I will tell you a story. I began as a contemporary dance artist in Seattle, WA in 1980. The spirit of community and nature of collaboration I had with colleagues during these years was seminal. Christian Swenson and I formed a duet company and we toured throughout the US in my grandmother’s ’69 Plymouth Valiant. We had impeccable timing and an enormous zeal for life, adventure and dancing. This defined for me what it is to dance with someone and birthed my choreographic and improvisational mind.
I coupled this with becoming certified in Laban Movement Analysis in 1985. The Laban work is an inexhaustible medium, which gives me a language to originally innovate form. This time was also my initial foray into the inclusion of voice, sound, song, text and set into my work. These processes initiated the path of my artistry.
I am an independent artist, a performer, choreographer, improviser, mentor and teacher. And I am a constant student of myriad somatic practices.
And then…somewhat like Alice down the rabbit hole, I found myself living in New York City, Berlin, and Amsterdam from 1988–1994. This profoundly shaped me as an artist. I wrestled with cultural differences, witnessed the dismantling of the Berlin wall, and was on faculty at the School for New Dance Development in Amsterdam from 1991–1994. Participation in the European contemporary dance milieu informed my aesthetic. In 1994, I returned to Canada, the country of my birth, and completed an MFA in Interdisciplinary Studies in the School for Contemporary Arts at Simon Fraser University in 1996.
I have always sought out diversity in work contexts: urban, rural, community-based populations, academia, and the professional milieu. I have traversed Canada from the Yukon to the Queen Charlotte Islands to Calgary to Regina to Quebec City and Montreal, dancing. This diversity informs my aesthetic and my understanding of how my work is accessible to a public.
The accessibility is embodied presence, the recognition of our commonality, the collective unconscious.
Collaboration is pivotal to the nature of my work and has deepened in my years in Canada. An ongoing collaboration with composer James B. Maxwell is instrumental to my choreography. The work created is the composite of both our imaginations. I have also performed with improvisation artists Marc Boivin, Peter Bingham, Lin Snelling and Peggy Lee.
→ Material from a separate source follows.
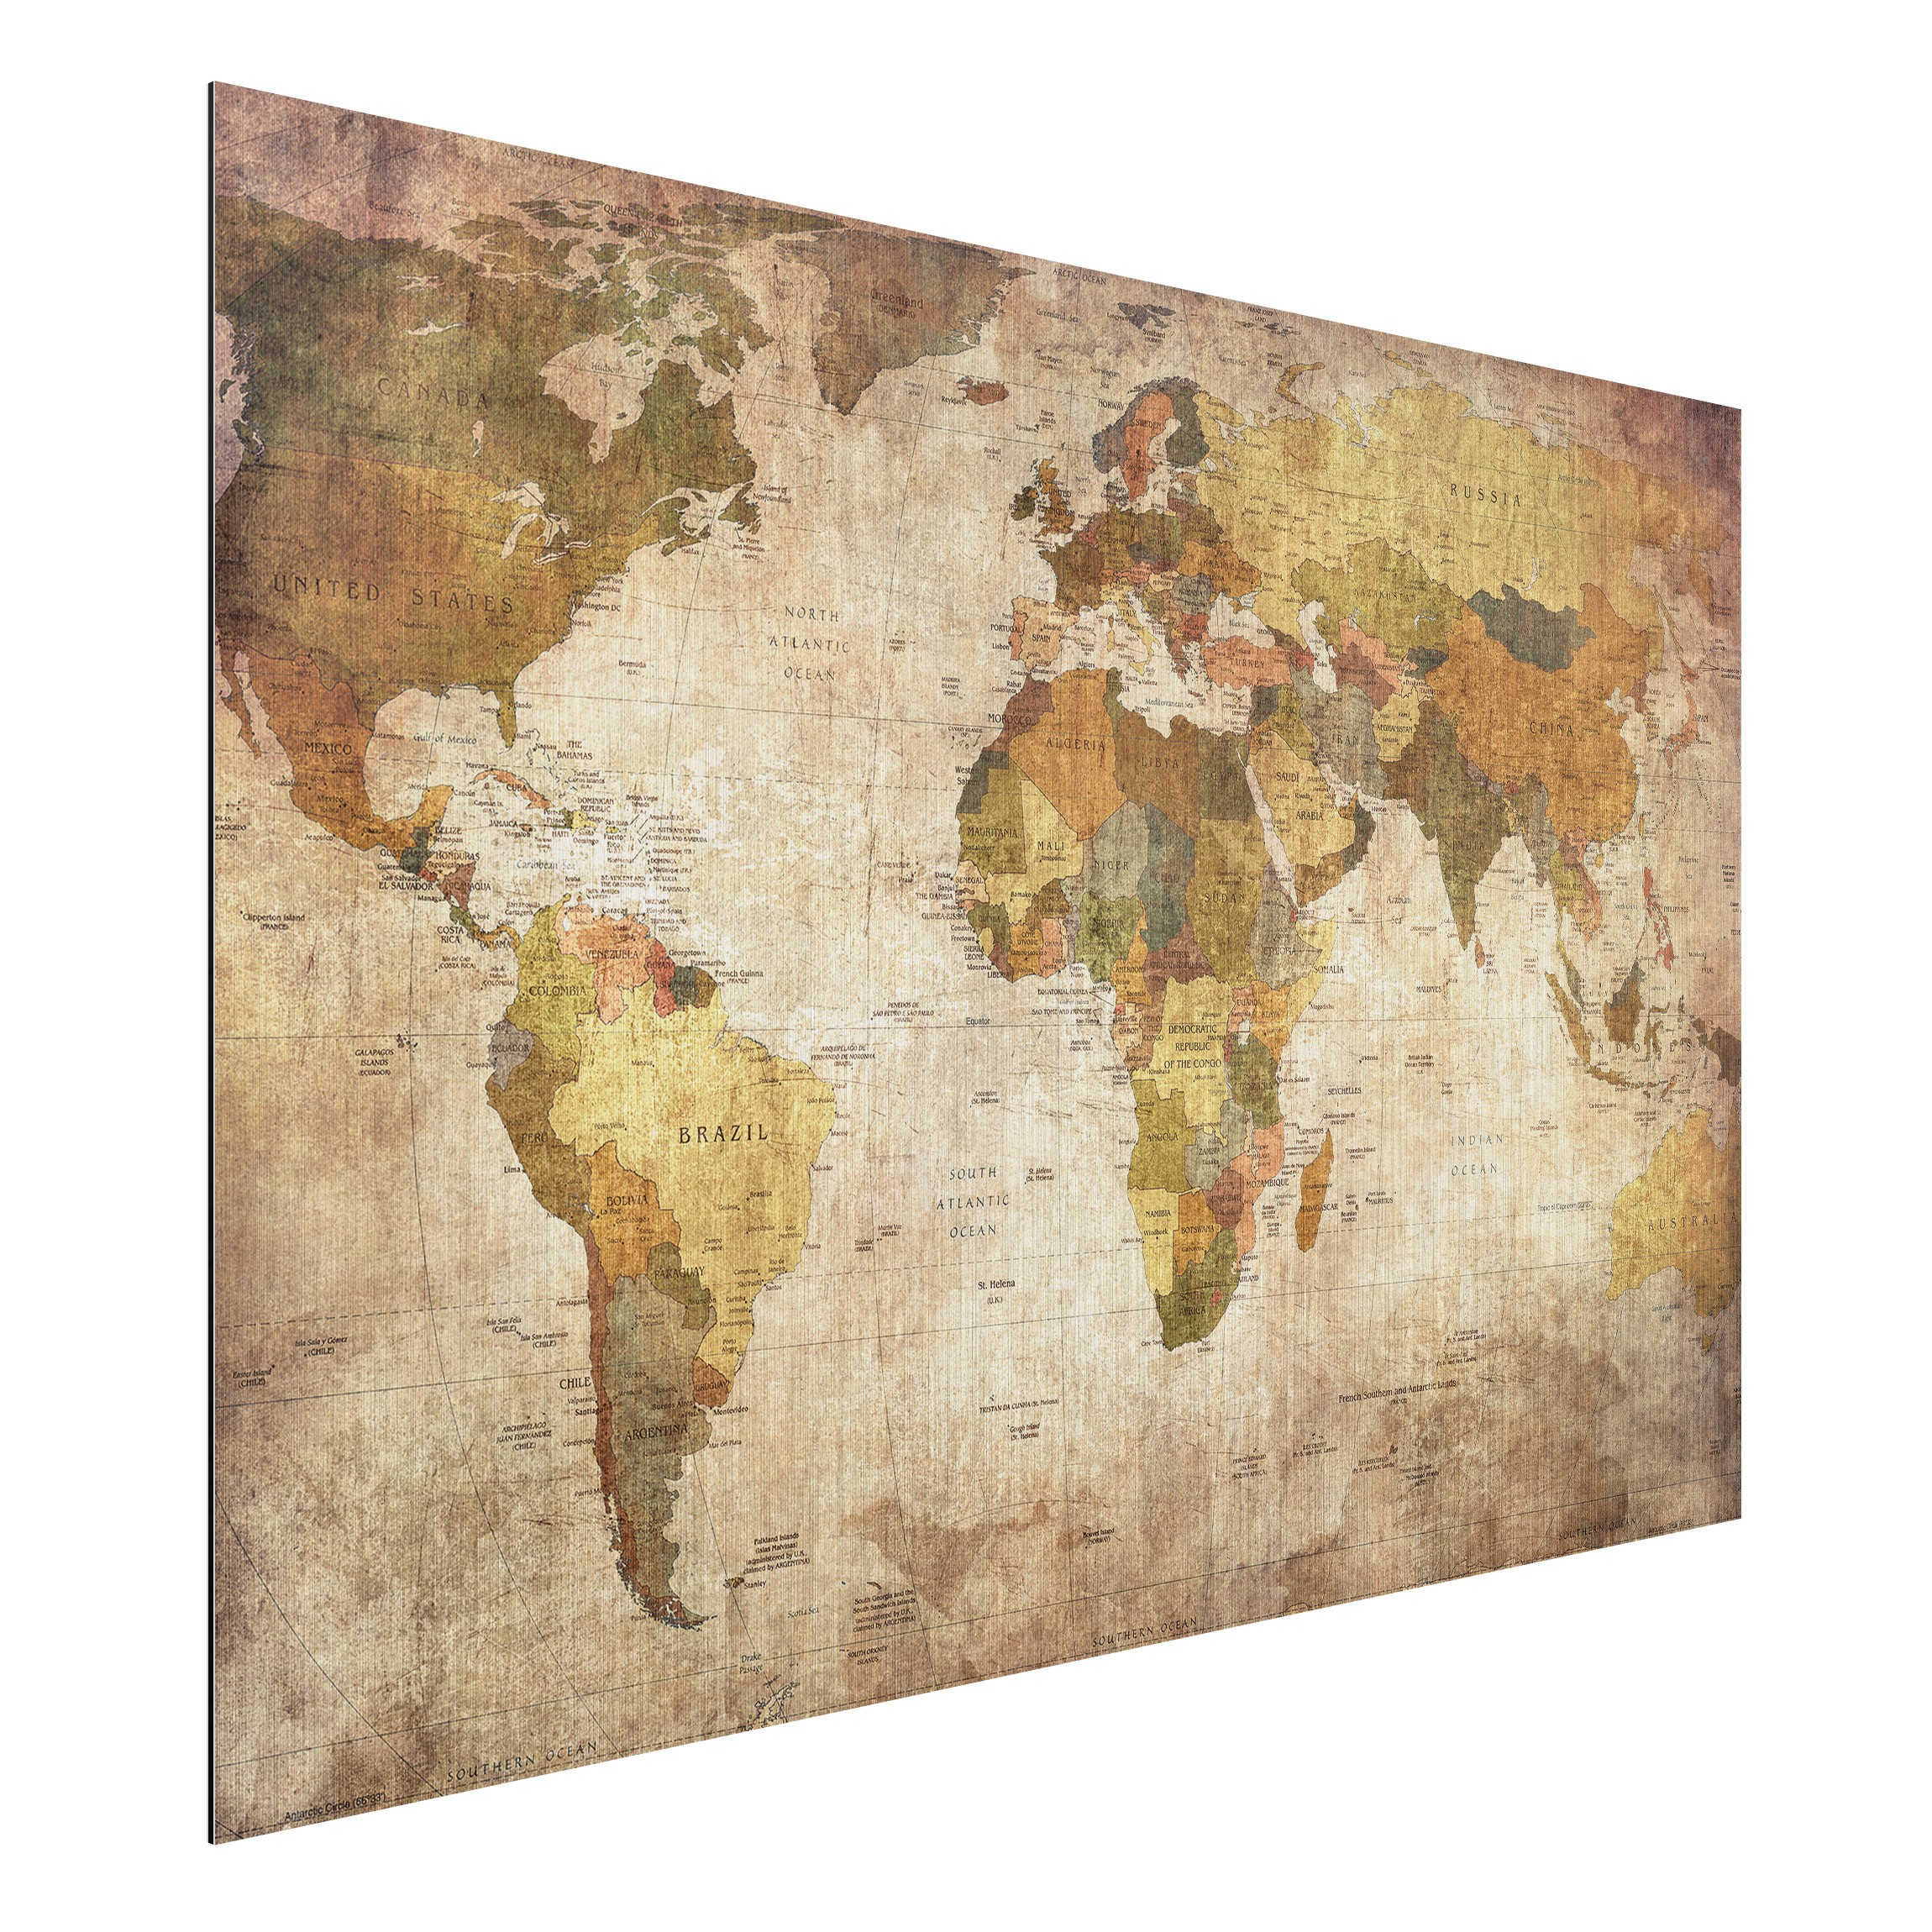 wandbild weltkarte Aluminium Print gebürstet   Wandbild Weltkarte   Quer 2:3 wandbild weltkarte

Further collaborators include lighting designer James Proudfoot, sculptor John Noestheden, actors Andrew Olewine and Billy Marchenski, and singer Carol Sawyer.
Internationally my work has been presented throughout the U.S. the U.K., the Netherlands, Germany, Spain and Croatia. Numerous artist in residences and commissions have supported the creation and dissemination of my work and my work has been funded by the Canada Council for the Arts, the BC Arts Council, Link Dance Foundation, the Canadian Embassy in Bonn, private donations and the King County and Seattle Arts commission. In 2020, I received the Isadora Award for my outstanding contribution to the BC dance milieu and, in 2022, I received the Lola McLaughlin Legacy Award.
I am also a dahlia nut and have grown 18 varieties of dahlias in public spaces for over 15 years.